J_{π} (ϕ) = E_{s_{t} \sim D, ϵ_{t} \sim N} [α {log}_{π_{ϕ}} π_{ϕ} (f_{ϕ} (ϵ_{t}; s_{t}) | s_{t}) - (min_{j = 1, . . ., N} Q_{θ_{j}} (s_{t}, a_{t}) - V_{ψ} (s_{t}))]

(19)

where

π_{ϕ}

is defined implicitly in terms of

f_{ϕ}

. We can approximate the gradient of Equation (19) with

{\hat{\nabla}}_{ϕ} J_{π} (ϕ) = \nabla_{ϕ} α log (π_{ϕ} (a_{t} | s_{t})) + (\nabla_{a_{t}} α log (π_{ϕ} (a_{t} | s_{t})) - \nabla_{a_{t}} min_{j = 1, . . ., N} Q (s_{t}, a_{t})) \nabla_{ϕ} f_{ϕ} (ϵ_{t}; s_{t})

(20)

where

a_{t}

is evaluated at

f_{ϕ} (ϵ_{t}; s_{t})

.

In Figure 2, we demonstrate the application of SAC-N for learning steering control directly from offline datasets. We utilize real-world trial datasets gathered from the USV-900, an unmanned surface vehicle propelled by waterjet systems. The action space encompasses steering commands, which are translated into the desired waterjet nozzle angle and precisely tracked via a PID controller. The observations encompass the desired heading angle, actual heading angle, angular velocity, and the current state of the waterjet nozzle angle. The reward function, specified in Equation (10), imposes penalties for large tracking errors, excessive angular velocities, and large nozzle angles.
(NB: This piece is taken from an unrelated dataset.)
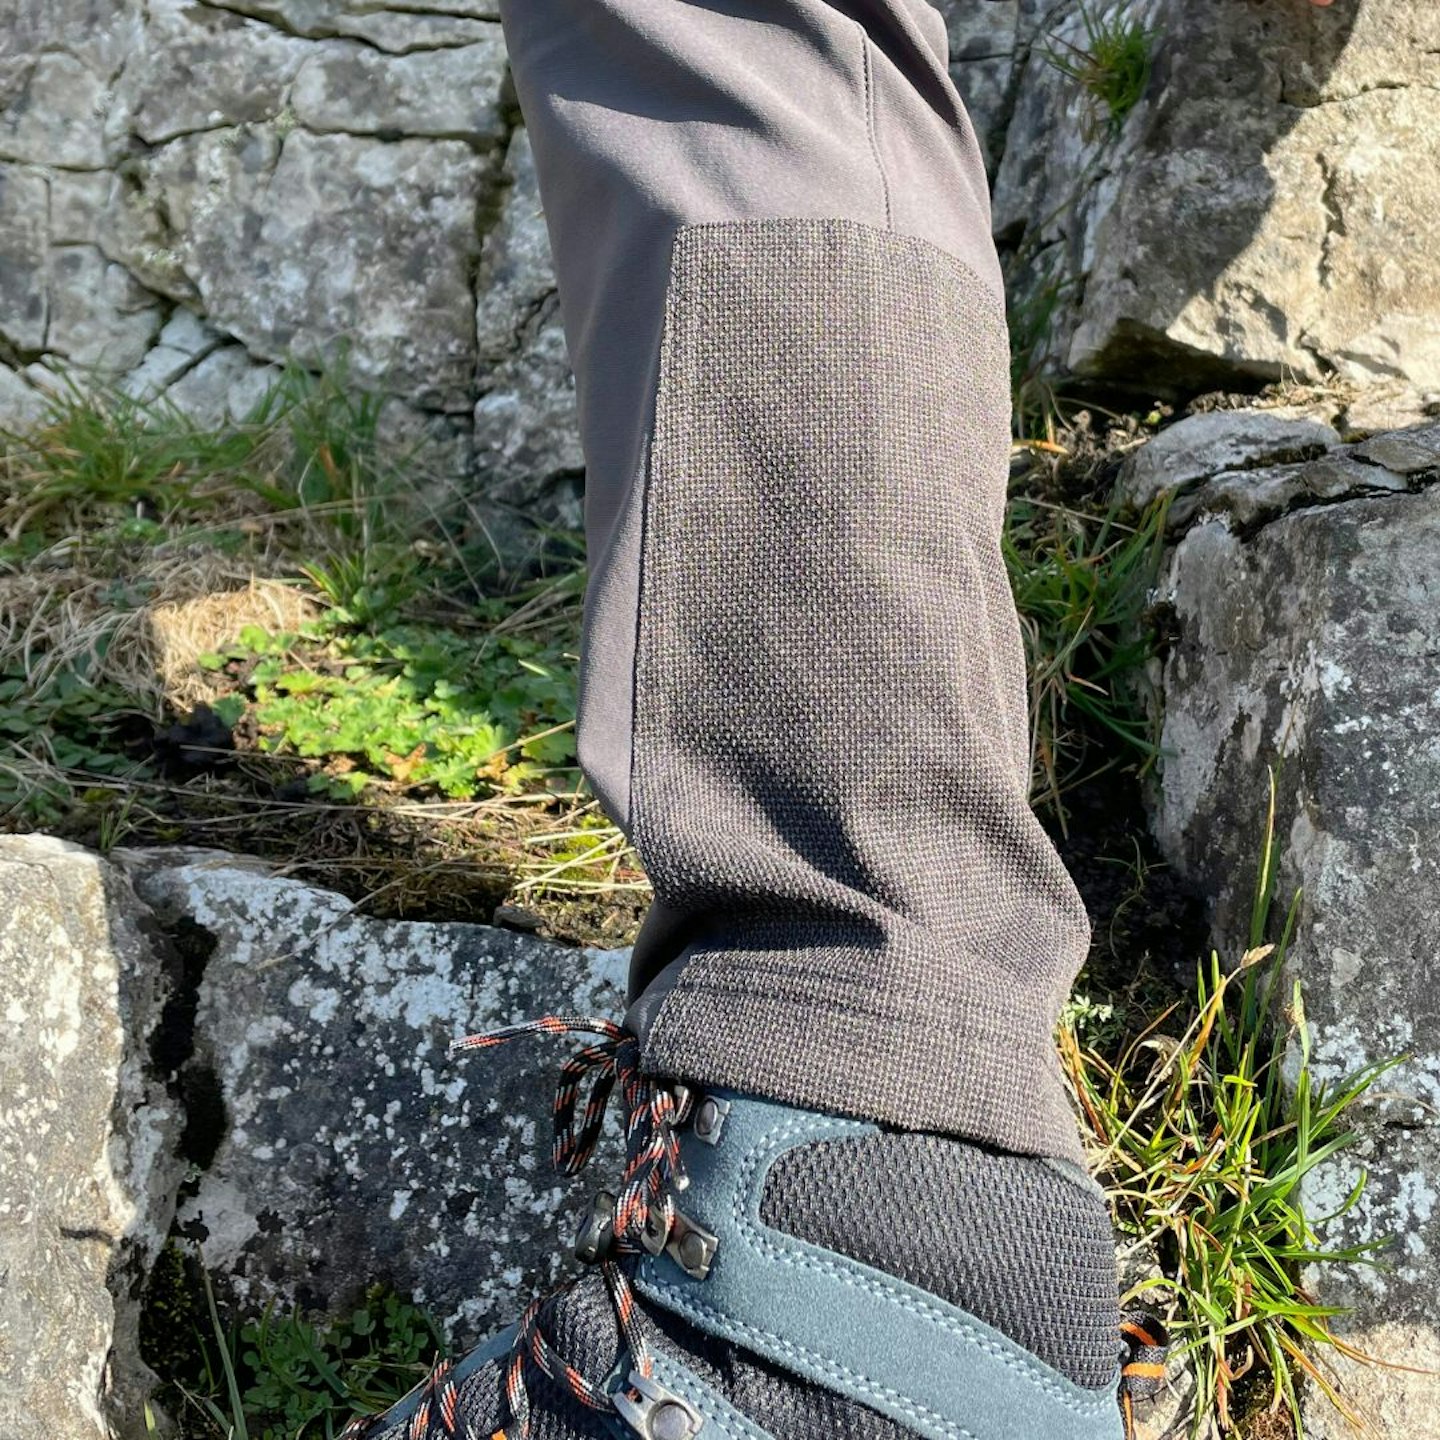 Hiking Trousers: 6 Of The Best Hiking Trousers - Mpora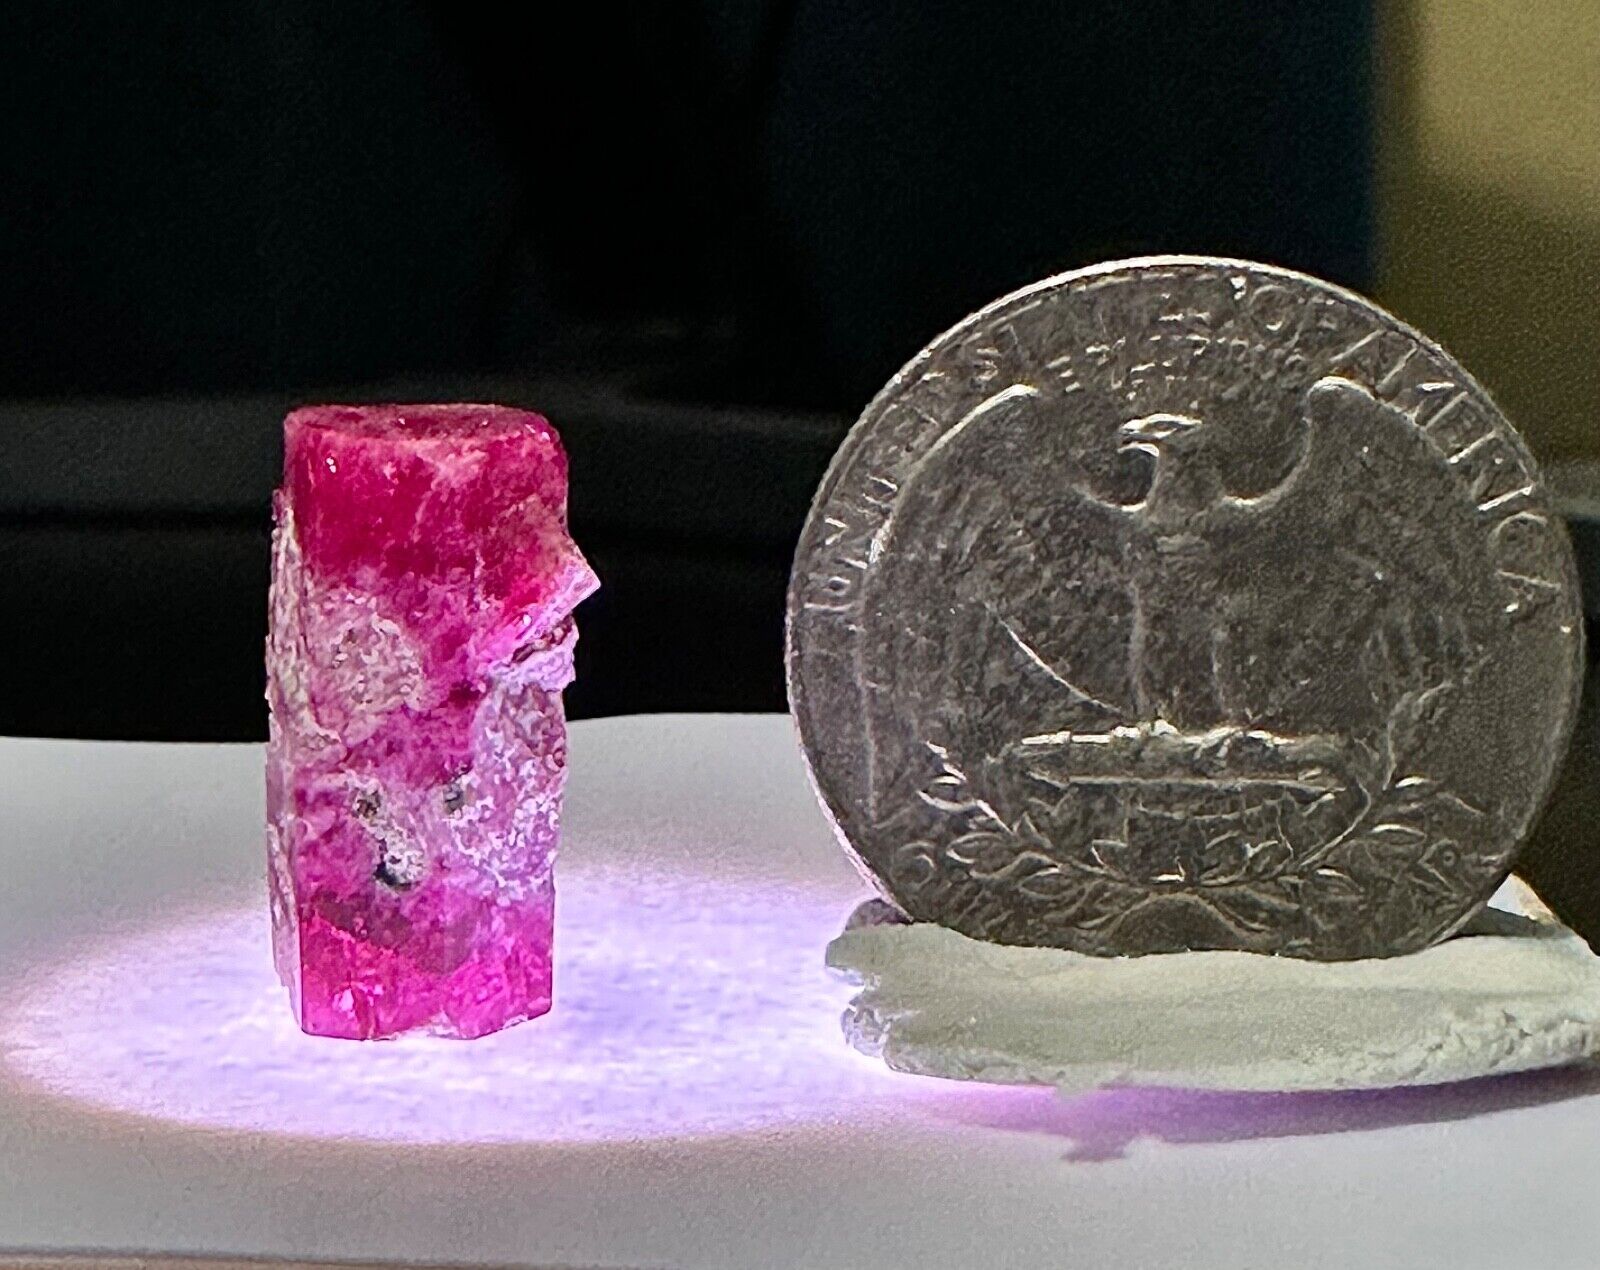 Extremely Rare and Large Bixbite (Red Beryl) Specimen from Utah, USA - 14.60 Ct

Our policy is represented by a feed-forward neural network consisting of two hidden layers, each with 64 neurons, as illustrated in Figure 3. The critic Q-function and value functions, illustrated in Figure 4 and Figure 5, are implemented using neural networks with two hidden layers, each comprising 64 neurons.

2.5. Training

SAC-N utilizes offline datasets collected from the USV-900 trials for training. To obtain the state variables during the experiments, we employed on-board navigation sensors, including an inertial measurement unit (IMU) and the BeiDou satellite system (BDS), to capture high-precision positional data. An embedded computer was utilized to record device-related information, such as engine speed and waterjet nozzle angle. The collected data were stored in an SQLite database.

All training was conducted on an Intel Core i5-11400H CPU (Integrated Electronics Corporation, Fresno, CA, USA) running at 2.70 GHz. During training, the Adam optimizer was employed to update the parameters of both the actor and value networks. The hyperparameters used are outlined in Table 3.

Figure 6 illustrates the average returns from evaluation rollouts during the training process for both TD3 and SAC-N. In SAC-N, the ensemble size N was incrementally increased to values of 10, 20, and 50, allowing the algorithm to achieve comparable performance to TD3 in a shorter training duration. SAC-N demonstrated higher data efficiency and stability, reaching optimal performance more rapidly than TD3. The final average return of SAC-N consistently improved with larger N values; notably, N = 50 achieved a higher average return than both N = 20 and N = 10, and all SAC-N variants outperformed TD3. For the USV path-following simulations and tests, SAC-50 was employed as the steering controller.

The superior performance of SAC-N can be attributed to its clipped Q-learning approach, which selects the minimum Q-value from the ensemble to produce a conservative estimate. This pessimistic estimation strategy significantly enhances SAC’s stability and robustness by mitigating the risk of overestimation. Consequently, it boosts overall training efficiency and effectiveness in achieving optimal control.

3. Validation

To evaluate the performance of our proposed SAC-N steering controller, we conducted several USV simulations and free-running tests using the USV-900. For validation, we completed a comparative analysis against several established controllers.

3.1. Simulation Results

To evaluate the self-learning capability of the proposed method, we compared SAC-N with NMPC and TD3 in simulations. NMPC typically involves establishing complex multi-input multi-output (MIMO) discrete state-space equations for nonlinear dynamic models, and solving constrained quadratic programming problems in real-time to obtain a sequence of optimal control variables. Usually, the first element in this sequence is used for real-world control. It effectively guides the USV along a desired trajectory while taking into account nonlinear dynamics and environmental disturbances, such as currents and wind. TD3, an enhancement of DDPG, learns an optimal policy that directly outputs continuous steering commands. In the path-following simulation, the target path was defined as a straight line with a starting point at (0, 0) and an endpoint at (1000, 200).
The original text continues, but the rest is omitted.